“才不会,骗子真太郎根本,呃,别咬吗。很……哈。真太郎。”胸口的要害被绿间又舔又咬,黑子在生理上已经克制不住自己了,双手抱着绿间的头,喘息和呢喃交织成网。绿间越吻越向下,已经开始用舌尖勾勒黑子肚脐的形状。房间门被人一把推开,绿间桐原披着一身白大衣冲了进来。
“臭小子小哲也被你藏到哪里——”
眼看大几率擦枪走火再来一次的两人当场僵住。绿间桐原的手指颤巍巍的停在半空,最后狠狠一瞪绿间真太郎:
“你,给我滚出来!现·在!”
“先订婚吧。”
黑子以最快速度穿好衣服跑下楼。绿间桐原当头一句,将他砸得差点晕过去。
绿间赶紧扶住黑子:“父亲,我已经跟你解释过了。这只是在测试哲也的性取向。他很迷茫,不知道自己究竟……”
“敢吃不敢认,我怎么会养出你这种没出息的儿子。要不是你们都还未满18周岁,现在押你们去结婚!”绿间桐原一点都不客气,“闭嘴。”
“父亲你这是在逼婚!”
“订婚也不一定要钻戒。绿色的彩色宝石好不好?就当把真太郎戴在手上了。小哲喜欢祖母绿还是翡翠?钱不是问题,我替真太郎垫着。”
“父亲!”
“如果要坚持男子汉的骄傲,真太郎打个暑期工,自己挣钱也行。不过那就只能凑合下买橄榄石了。啊,这家好,百年老店,还可以分期付款。来,小哲也挑个款,量下手指,我下单。”
“绿间桐原!”
“吵什么吵啊!未成年人都安静,听家长的!”绿间桐原合上手里的上网本,“臭小子你都把小哲也办了你还有理啦啊!你老爸我上了一宿急诊手术六点刚下台什么都来不及交待电话交班跑回来给你收拾残局,你反过来吼我你好能耐啊!”
“我!我能处理!”绿间真太郎当然知道那种压力,“这是我和哲也的事。”
“好,那我问小哲也。”绿间桐原接的极快,“小哲也,说句心里话,我不看好同性之间的恋爱和婚姻,更也不希望这种事生在自己看着长大的孩子身上。如果真太郎看上的不是你,我打断他的腿。如果今天把你办了的是别人,我一脚把他踢出去,祝福他这辈子别进东大附一,落我手里整不死他!”
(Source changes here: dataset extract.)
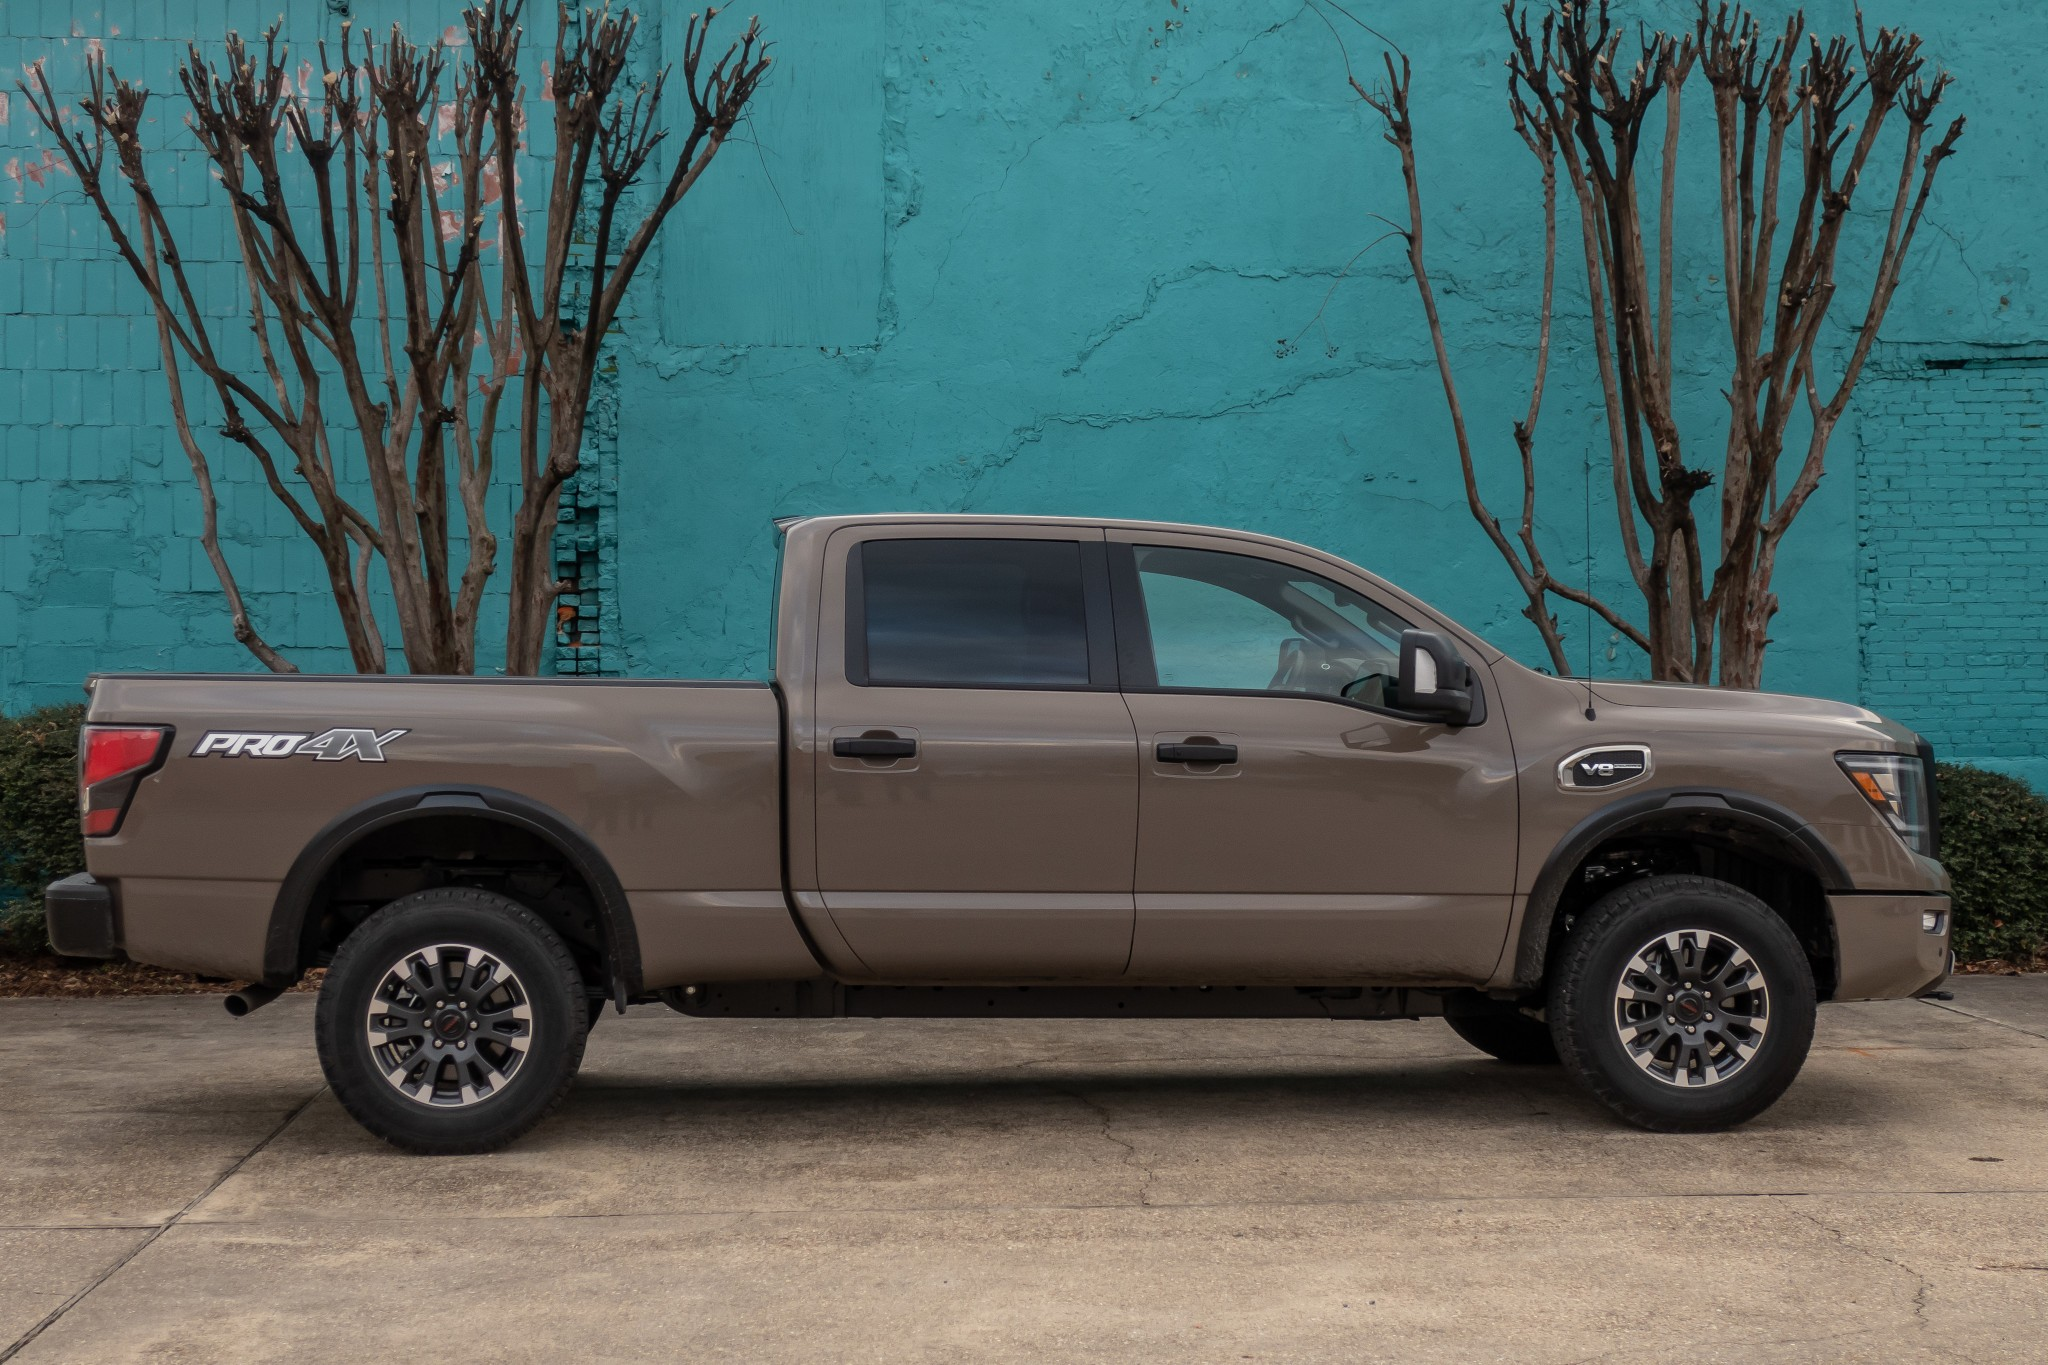 All the Pickup Truck News: 2020 Nissan Titan XD's Got Pull, 2020 Chicago Auto Show's Got Trucks and More

“桐原医生,我,对不起。”黑子低着头,看脚尖,“对不起。”
“哲也你有病啊!你又不喜欢男人,这件事吃亏的也是你!你道什么歉!”绿间真太郎怒道,“上楼洗漱去!”
“可是……”
“可是什么!去把你那头乱毛收拾了!这边有我。”
“真……好了啦。”黑子被瞪不过,转身上楼。绿间桐原左手握拳,撑起下巴,眼看黑子消失,立即换了副面孔:“儿子你傻啊!你忘了你几个月前怎么哭着喊着跟我说爱上小哲也不可能要别人了?你忘了前段时间小哲也和那个黄濑交往的时候,你……现在好了,人都弄回家弄上床了,你又熊了?这时候不趁热打铁把事定下来已经该挨揍了。居然还双手往外推!欲擒故纵,想哄小哲也对你死心塌地不是这个玩法。”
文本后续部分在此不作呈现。